這次杜瑩瑩實話實說:“鑰匙他們收的,我是真不知道。”
于是兩人東瞧西看,開始尋找鑰匙。孟卓然從屋角找到一把鐵鏟,扒拉著石塊,小的還好,大石頭比人頭還大,咕嚕嚕的很難撥動,費了半天勁看到底部,也沒有鑰匙。

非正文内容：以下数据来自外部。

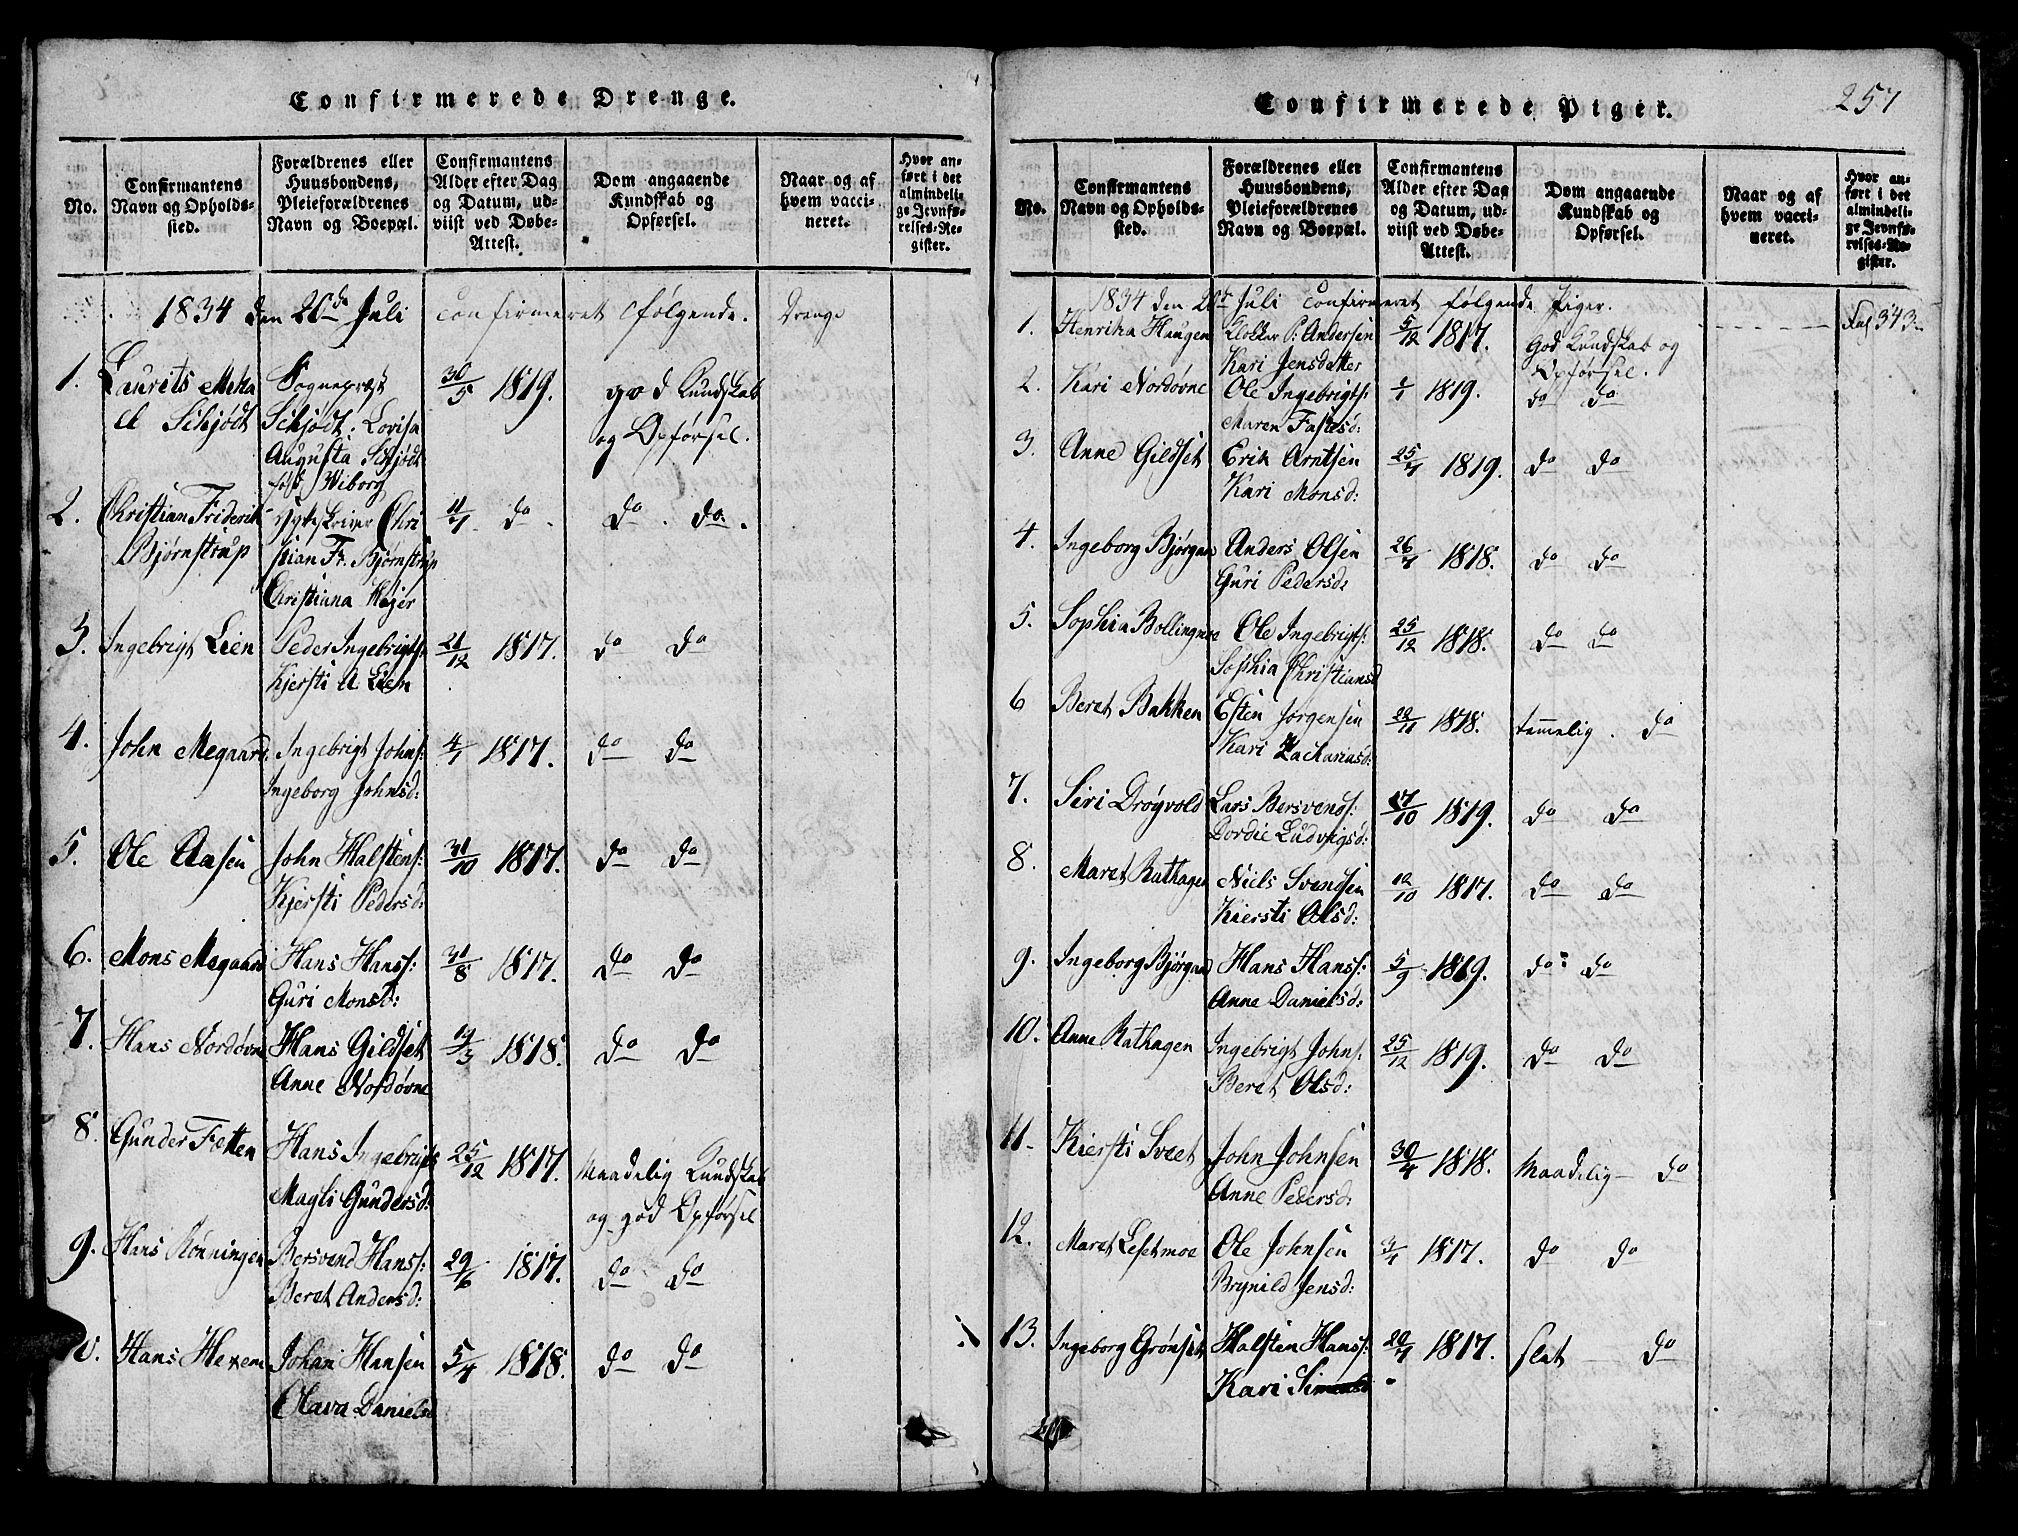 SAT, Ministerialprotokoller, klokkerbøker og fødselsregistre - Sør-Trøndelag, 685/L0976: Klokkerbok nr. 685C01, 1817-1878, s. 257

“怪了。”孟卓然擦把汗,走到另一端用鐵鏟挖掘墳頭,邊挖邊嘟囔,“這玩意不太合適吧?”
杜瑩瑩安慰,“假的嘛!”
吭哧吭哧一通刨,挖到一米多深,坑底是個匣子,打開果然是一把鑰匙;另一把就復雜了,兩人摸遍山脈每一處角落,也沒找到,最后一開始的石堆里找到的:一塊長條石頭背面用膠帶沾著一把黑乎乎的鑰匙,猛一看,根本發現不了。
孟卓然把鑰匙插入鎖孔,頭也不抬地問,“那什么,萬一遇到特別笨的,或者幾個女生挖不著,怎么辦?”

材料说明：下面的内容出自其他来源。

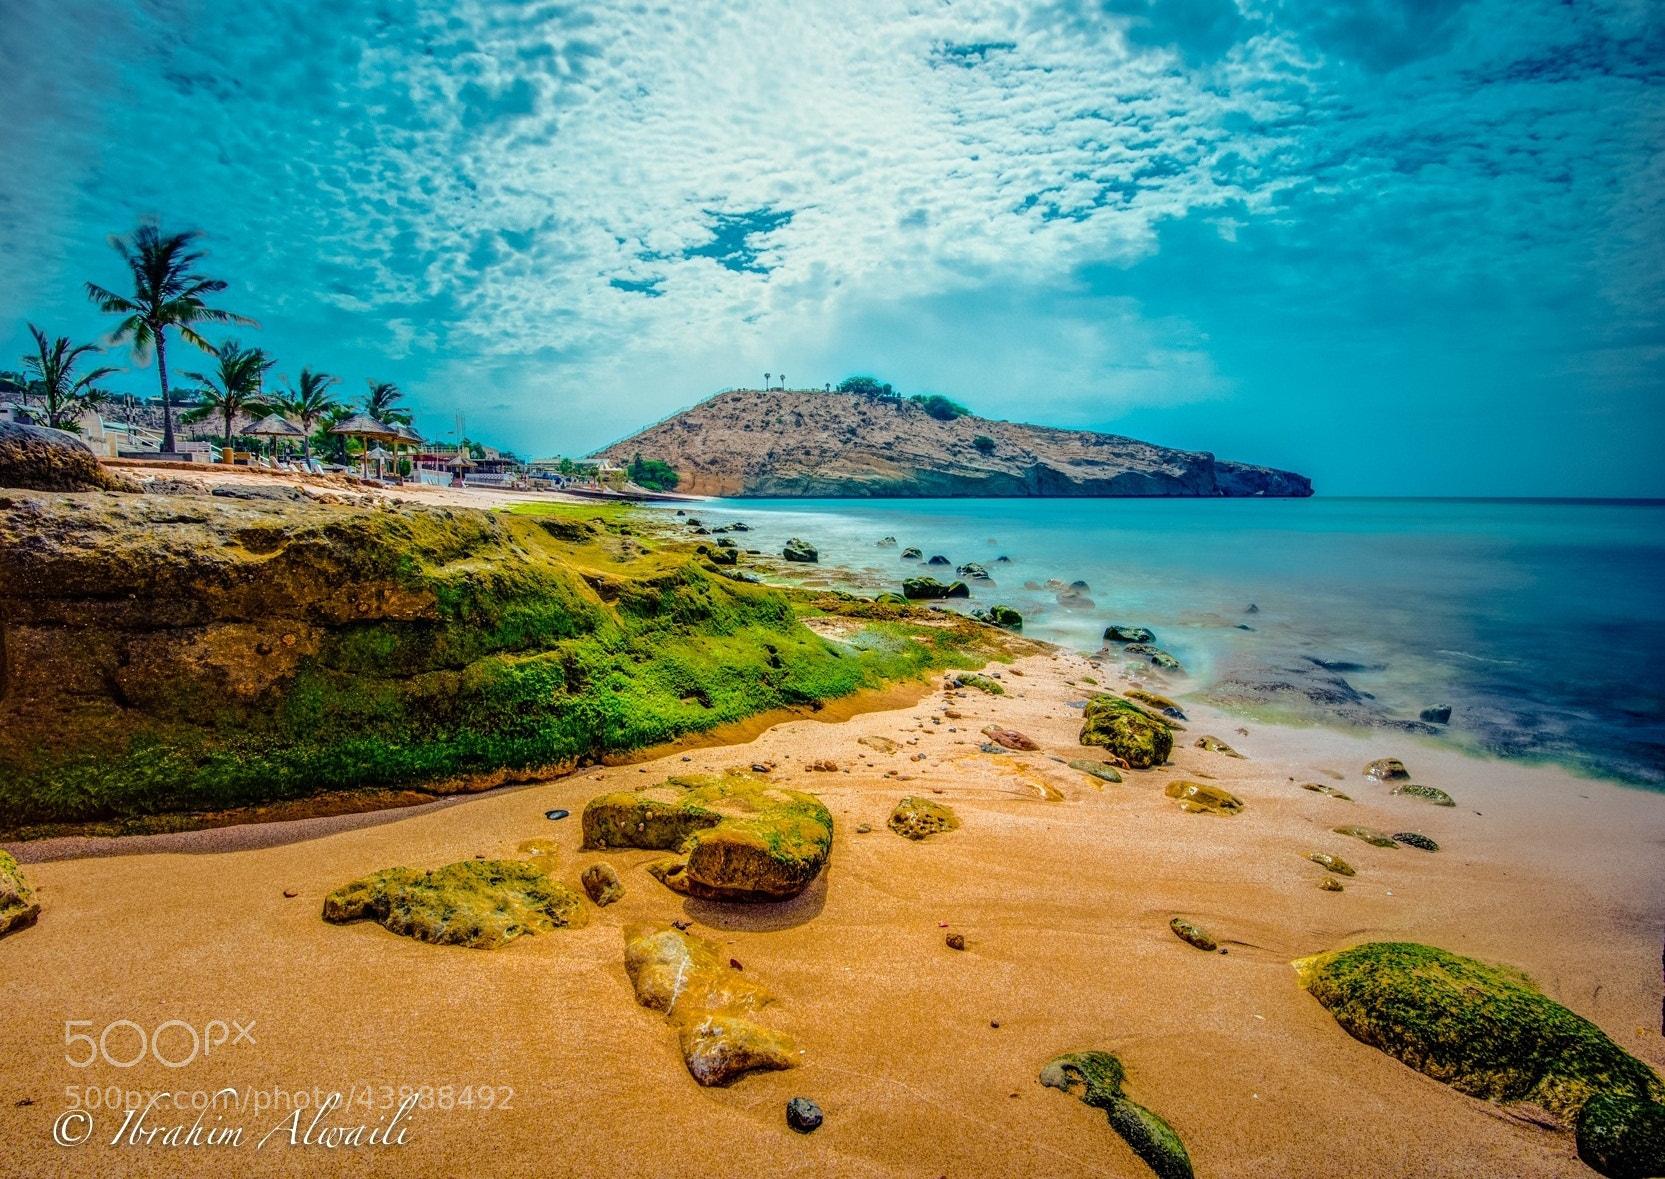 Photograph Dream beach by Ibrahim AlWaili on 500px

“只能認倒霉了。”杜瑩瑩指一指屋角的監視器,“認個輸,里面就用喇叭告訴了。”
原來如此,孟卓然把鐵鎖卸下來,扔到一邊,探頭觀察著獨木船,無論寬窄還是高矮,只能躺一個成年人,“我先還是你先?”
借著手電光,杜瑩瑩發現水底有骷髏和一團一團的東西,“你先吧,我給你說啊,那個是蠱蟲,吃死人的,你別碰。”
叮叮當當幾聲,木船被拽到水槽盡頭,孟卓然把鐵鍬放在船底,自己躺進去,摸著石壁上的繩索,試了試,一用力,船就慢慢移動了。“我走了啊,我要有個什么事,你管不管我兒子,還有我爸媽?”
“呸!”杜瑩瑩戳他腰間,“也不說點好聽的。”
隨著繩索移動,小船留在山壁外面的部分越來越短,之后整個消失了。
杜瑩瑩用手電朝里面照,只能看到船頭凸起的部分,默默計算距離:公司租下b1空間的500平米是一個長方形空間,團隊分成幾個區域,從入口到此處占據一條邊,為了效果,這段水路將近30米長。